Schoolyard Habitats Provide Resiliency in Houston Independent School District

In late August 2017, Houston, Texas experienced one of its most extreme natural disasters on record: Hurricane Harvey. The hurricane brought record rainfall and flooding to Houston, resulting in devastating damage to the city’s communities and schools.

Four schools in Houston were shut down due to the flooding brought on by Hurricane Harvey, and will require reconstruction. One of these schools, Mitchell Elementary, was involved in National Wildlife Federation’s Monarch Heroes Program. Although they are unable to rebuild their gardens this year, they look forward to rejoining the program soon. Lead teacher Nahdra Curry said “We won’t be back at our old campus until 2020. Until then, we are getting a new school. I definitely would like to start a new garden when we get there.”

Garden in big metal tubs
Piney Point Elementary’s colorful Monarch Heroes school garden. Photo by NWF Staff.

For schools able to rebuild, Janice Brown, National Wildlife Federation’s Education Outreach Coordinator for Houston Independent School District, is working diligently on site to assist them through this hard time and keep the program going strong.

National Wildlife Federation’s Schoolyard Habitats Program has been helping the district’s schools develop wildlife habitats on school grounds since 2002. These habitats serve as outdoor classrooms that benefit local wildlife and provide valuable hands-on learning opportunities for students. Following this disaster, National Wildlife Federation is working harder than ever to help these schools in Houston create, maintain, and restore Schoolyard Habitats.
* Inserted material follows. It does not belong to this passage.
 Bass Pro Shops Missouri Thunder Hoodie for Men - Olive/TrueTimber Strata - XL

“It would have been easy to get discouraged about the monarch habitats in the wake of the hurricane, but despite the setbacks, most of our Houston Monarch Heroes schools have created new gardens either in the fall or are rebuilding and revitalizing their gardens this spring,” said Janice. She noted that the wild weather this year has presented many challenges, but the schools have shown remarkable resilience. The students and wildlife – especially the migratory monarch butterflies – will benefit from the positivity and perseverance symbolized by their work in the gardens.

monarch caterpillar munching on a leaf
Monarch caterpillar devouring milkweed from a Monarch Heroes garden. Photo by Hila Friman

Longfellow Elementary recently certified their garden as a Schoolyard Habitat through Monarch Heroes. Jennifer Howell, lead program teacher at Longfellow Elementary, shared how their gardens have served a role in recuperation for students and wildlife.
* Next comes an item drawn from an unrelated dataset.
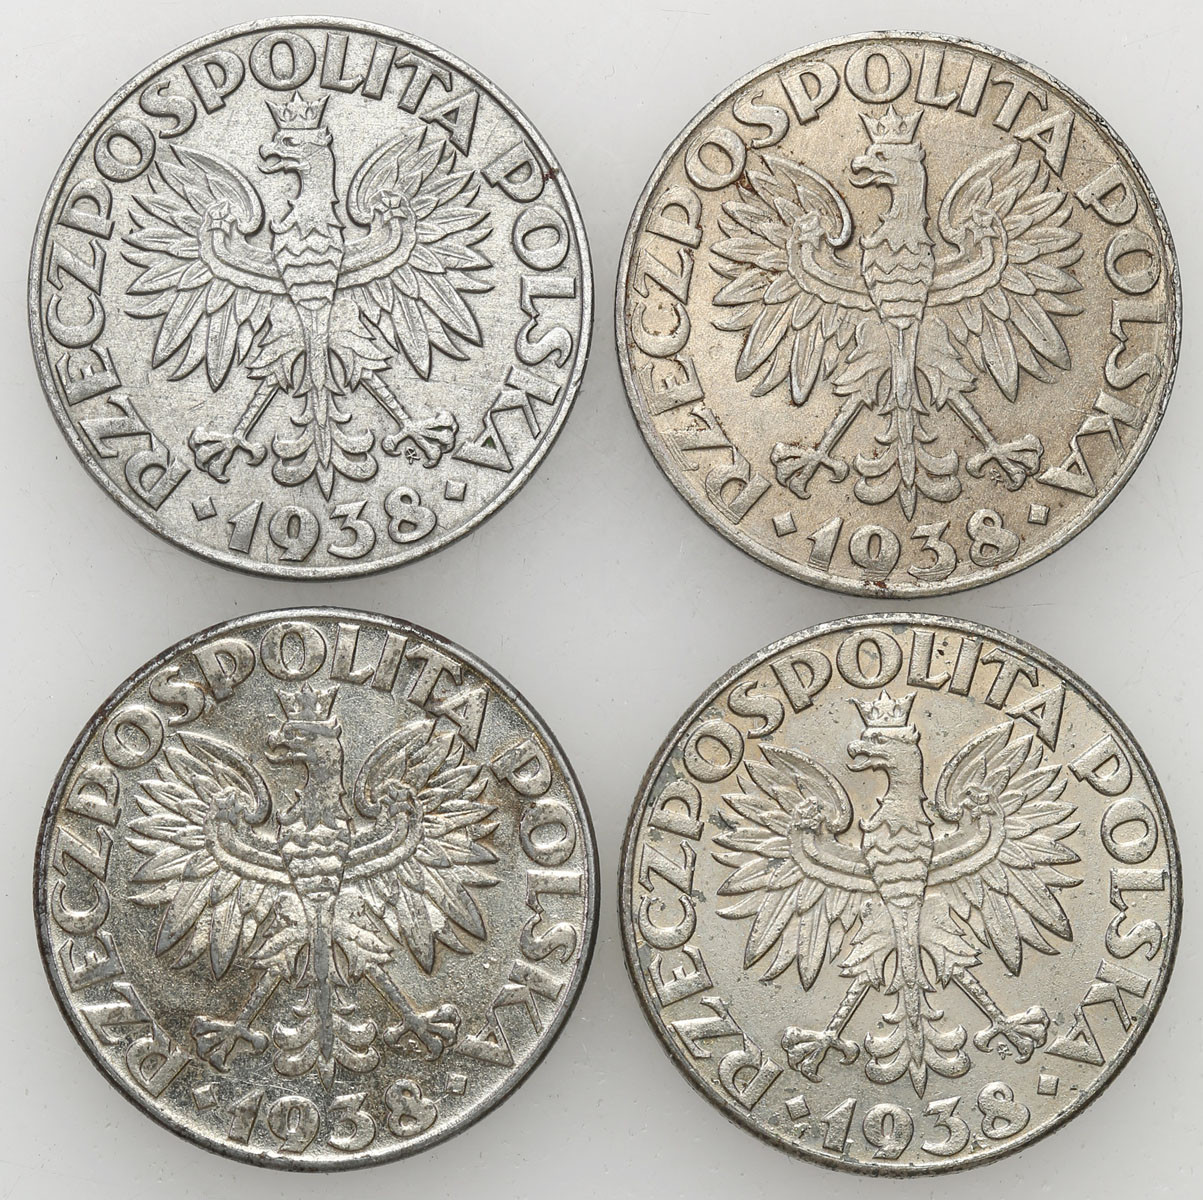 Generalna Gubernia. 50 groszy 1938, zestaw 4 monet

“The butterfly garden has been an immense help to our Longfellow family as we find our new normal. The metaphor of spring rebirth is not lost on us as we watch plants spring from seeds and roots. It encourages us to teach outside. The kids are practicing looking at details and finding beauty in the world around them. And they are enjoying the sense of ownership as they watch the fruits of their labor flourish.”
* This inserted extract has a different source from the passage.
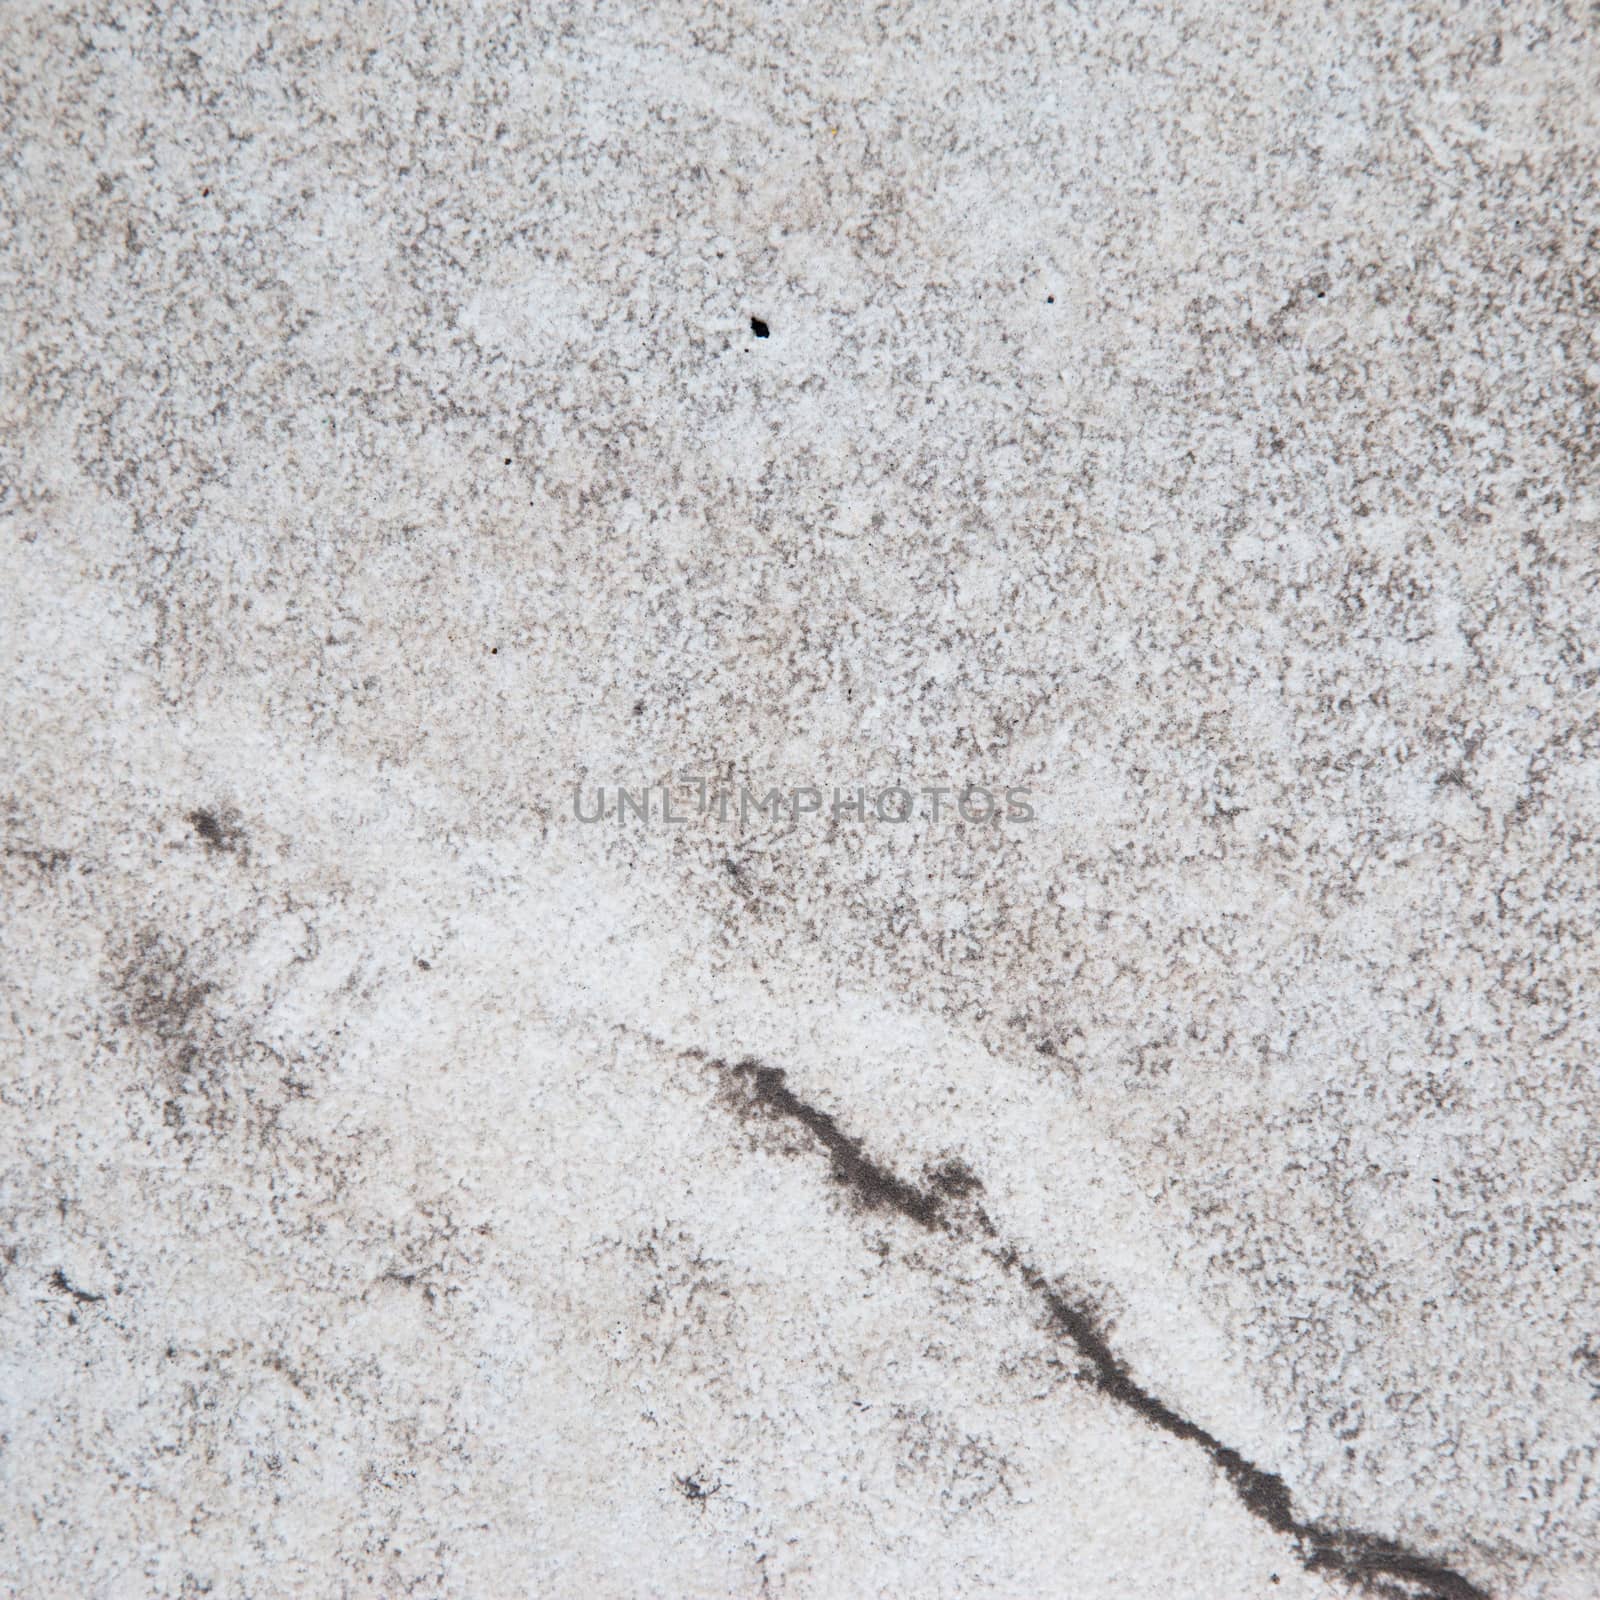 Dust dirty on white floor tile texture

By creating Schoolyard Habitats through National Wildlife Federation’s Monarch Heroes Program, children, teachers, and community members are coming together to encourage conservation. These gardens promote biodiversity and native species, provide food, water, and shelter for wildlife, and support pollinators – like the monarch butterfly. They also act like natural sponges to absorb rainwater and may help mitigate future flooding. These on-the-ground efforts

kids watching bugs
Students observing the bugs in their school garden. Photo by Hila Friman.

provide students with a sense of history and place, as well as guide them in the importance of sustainable practices from an early age.

These Schoolyard Habitats also cultivate an appreciation for nature that will provide lifelong benefits for the environment, wildlife, and students’ future.